Start of Block

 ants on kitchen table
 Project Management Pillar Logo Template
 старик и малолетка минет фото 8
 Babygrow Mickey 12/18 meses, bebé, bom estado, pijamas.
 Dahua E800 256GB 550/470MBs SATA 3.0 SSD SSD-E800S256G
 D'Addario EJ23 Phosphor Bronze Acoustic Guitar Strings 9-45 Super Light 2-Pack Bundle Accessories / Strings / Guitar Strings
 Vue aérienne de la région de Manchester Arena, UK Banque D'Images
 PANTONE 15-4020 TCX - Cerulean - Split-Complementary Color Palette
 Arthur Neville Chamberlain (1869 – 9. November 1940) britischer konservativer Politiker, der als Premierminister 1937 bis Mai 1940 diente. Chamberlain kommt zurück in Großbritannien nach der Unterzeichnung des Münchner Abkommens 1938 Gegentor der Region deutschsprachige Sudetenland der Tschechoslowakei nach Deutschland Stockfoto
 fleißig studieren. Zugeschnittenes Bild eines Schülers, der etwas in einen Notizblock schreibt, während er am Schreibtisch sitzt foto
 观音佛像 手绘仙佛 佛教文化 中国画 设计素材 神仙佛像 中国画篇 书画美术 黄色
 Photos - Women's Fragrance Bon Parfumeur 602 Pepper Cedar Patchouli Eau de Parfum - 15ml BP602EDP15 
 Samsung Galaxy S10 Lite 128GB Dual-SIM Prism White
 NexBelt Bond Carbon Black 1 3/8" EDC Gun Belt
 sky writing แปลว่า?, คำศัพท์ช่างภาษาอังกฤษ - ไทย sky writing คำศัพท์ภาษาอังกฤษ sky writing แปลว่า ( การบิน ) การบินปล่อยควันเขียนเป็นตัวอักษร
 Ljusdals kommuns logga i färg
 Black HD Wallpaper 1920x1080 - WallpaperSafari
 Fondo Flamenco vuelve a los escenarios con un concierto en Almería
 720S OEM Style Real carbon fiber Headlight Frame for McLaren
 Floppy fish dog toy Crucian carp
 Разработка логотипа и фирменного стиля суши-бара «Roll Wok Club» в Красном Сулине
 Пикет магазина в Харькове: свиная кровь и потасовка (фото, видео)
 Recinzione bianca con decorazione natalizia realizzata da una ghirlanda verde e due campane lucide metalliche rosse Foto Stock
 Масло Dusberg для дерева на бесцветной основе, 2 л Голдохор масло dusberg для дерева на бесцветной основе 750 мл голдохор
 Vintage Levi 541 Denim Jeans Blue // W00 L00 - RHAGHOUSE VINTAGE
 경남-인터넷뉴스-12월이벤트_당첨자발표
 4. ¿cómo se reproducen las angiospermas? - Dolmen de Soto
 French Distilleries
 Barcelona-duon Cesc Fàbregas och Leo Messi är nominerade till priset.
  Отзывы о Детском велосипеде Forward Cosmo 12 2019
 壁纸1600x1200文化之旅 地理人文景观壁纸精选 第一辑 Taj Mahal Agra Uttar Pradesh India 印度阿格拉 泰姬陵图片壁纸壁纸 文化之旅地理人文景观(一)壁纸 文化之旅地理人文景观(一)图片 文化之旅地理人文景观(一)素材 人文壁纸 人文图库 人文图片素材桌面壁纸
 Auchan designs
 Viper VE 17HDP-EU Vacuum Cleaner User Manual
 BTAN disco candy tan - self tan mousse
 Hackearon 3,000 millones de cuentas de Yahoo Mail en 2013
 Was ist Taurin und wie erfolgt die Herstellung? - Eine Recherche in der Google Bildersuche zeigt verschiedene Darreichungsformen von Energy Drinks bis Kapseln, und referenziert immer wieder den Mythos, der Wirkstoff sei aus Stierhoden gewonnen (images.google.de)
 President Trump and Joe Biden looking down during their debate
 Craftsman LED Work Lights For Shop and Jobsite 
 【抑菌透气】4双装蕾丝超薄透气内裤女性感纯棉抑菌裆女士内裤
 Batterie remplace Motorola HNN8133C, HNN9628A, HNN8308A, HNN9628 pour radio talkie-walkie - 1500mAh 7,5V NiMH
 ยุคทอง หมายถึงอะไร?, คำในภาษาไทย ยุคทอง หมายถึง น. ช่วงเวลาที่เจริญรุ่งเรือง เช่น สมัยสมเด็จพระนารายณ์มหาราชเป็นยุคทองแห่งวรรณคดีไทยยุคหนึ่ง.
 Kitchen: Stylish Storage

End of Block

**TASK OBJECTIVE**
Write down only how many lines of the entries above include the word "фото".

**SOLUTION TO THIS PROBLEM**
2